Le ministre du Budget, François Baroin, a évoqué la création prochaine d’un mécanisme pour pousser les entreprises à lier le versement de dividendes à celui d’une prime « exceptionnelle » pour leurs salariés d’un montant d’au moins 1000 euros.

Cette annonce appelle plusieurs remarques de la CGT :

C’est une augmentation générale des salaires du public que le gouvernement doit mettre en oeuvre en relavorisant la valeur du point d’indice et dans le privé, contraindre les branches et les entreprises à revaloriser les salaires à travers les accords de branche et dans la négociation annuelle obligatoire (N.A.O.),

Il est urgent d’augmenter le SMIC à 1600 euros brut, 3,4 millions de salariés sont concernés,
Le gouvernement doit obliger le patronat à négocier l’égalité salariale entre les femmes et les hommes,
Il est impératif de reconnaitre les qualifications et en finir avec les formes aléatoires de rémunération.

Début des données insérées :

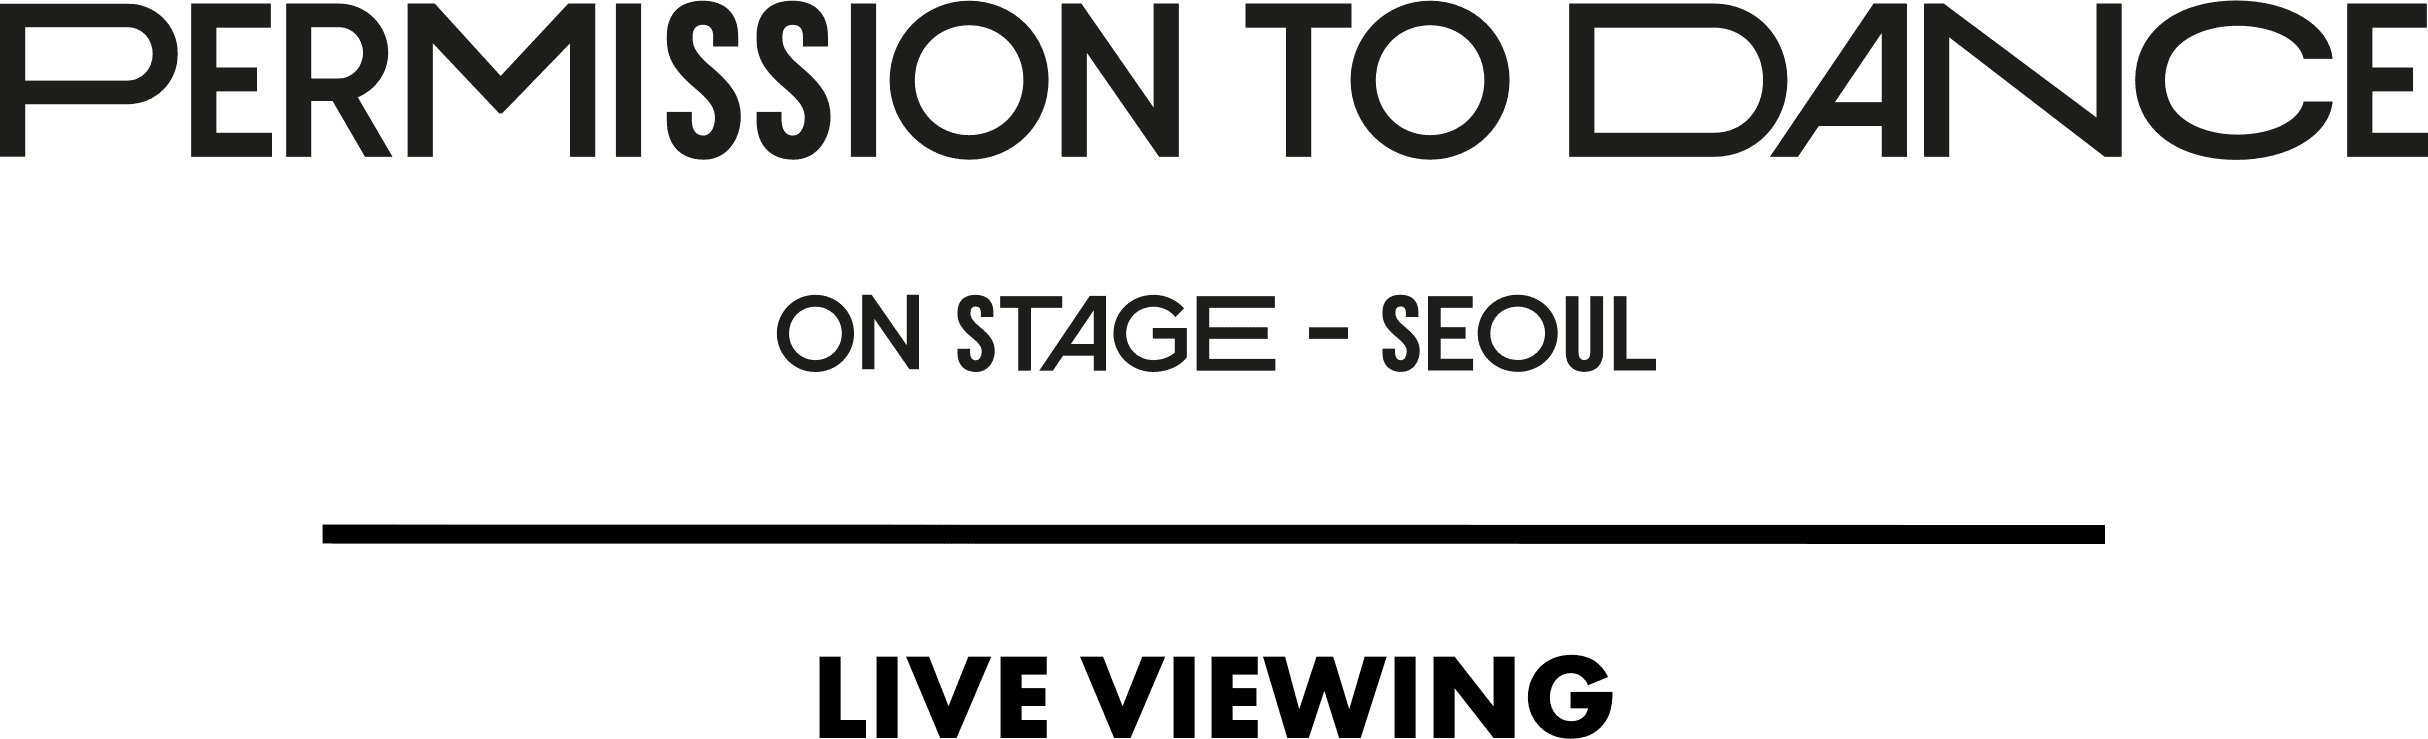 BTS Permission to Dance On Stage - Seoul: Live Viewing logo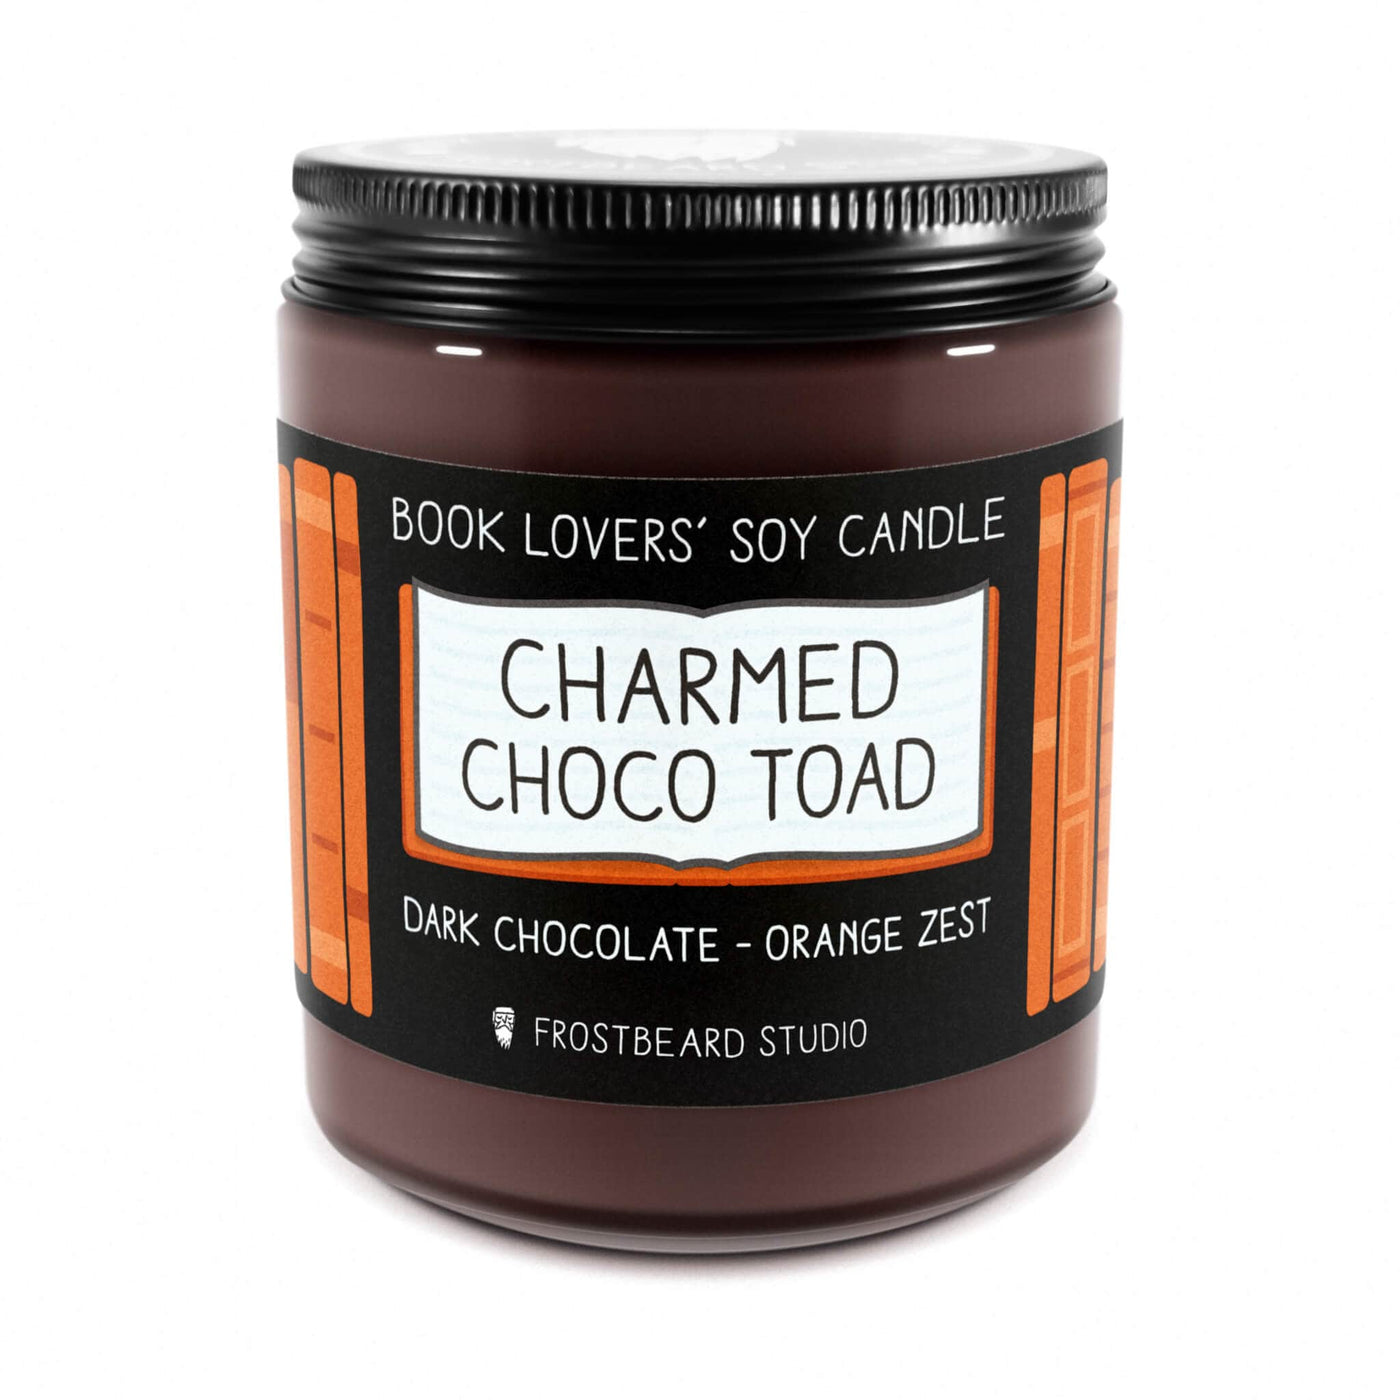 Charmed Choco Toad  -  8 oz Jar  -  Book Lovers' Soy Candle  -  Frostbeard Studio

L’ensemble des mesures gouvernementales que ce soit les exonérations des cotisations patronales, la défiscalisation des heures supplémentaires et toutes les mesures fiscales dérogatoires accordées aux entreprises (140 milliards d’euros en tout !) n’ont eu pour seul objectif que d’inciter les employeurs à ne pas augmenter les salaires. Les salariés sont payés pour leur travai et pas seulement lorsqu’il y a distribution des dividendes, c’est bien les salaires qu’il faut augmenter et pas les primes.

C’est ce qui s’exprime un peu partout dans de nombreuses luttes ou négociations comme à Carrefour dernièrement. Enfin, il ne faudrait pas que le mécanisme conçu par le gouvernement, se traduise à nouveau par des exonérations qui reviendraient à faire payer les primes par nos impôts.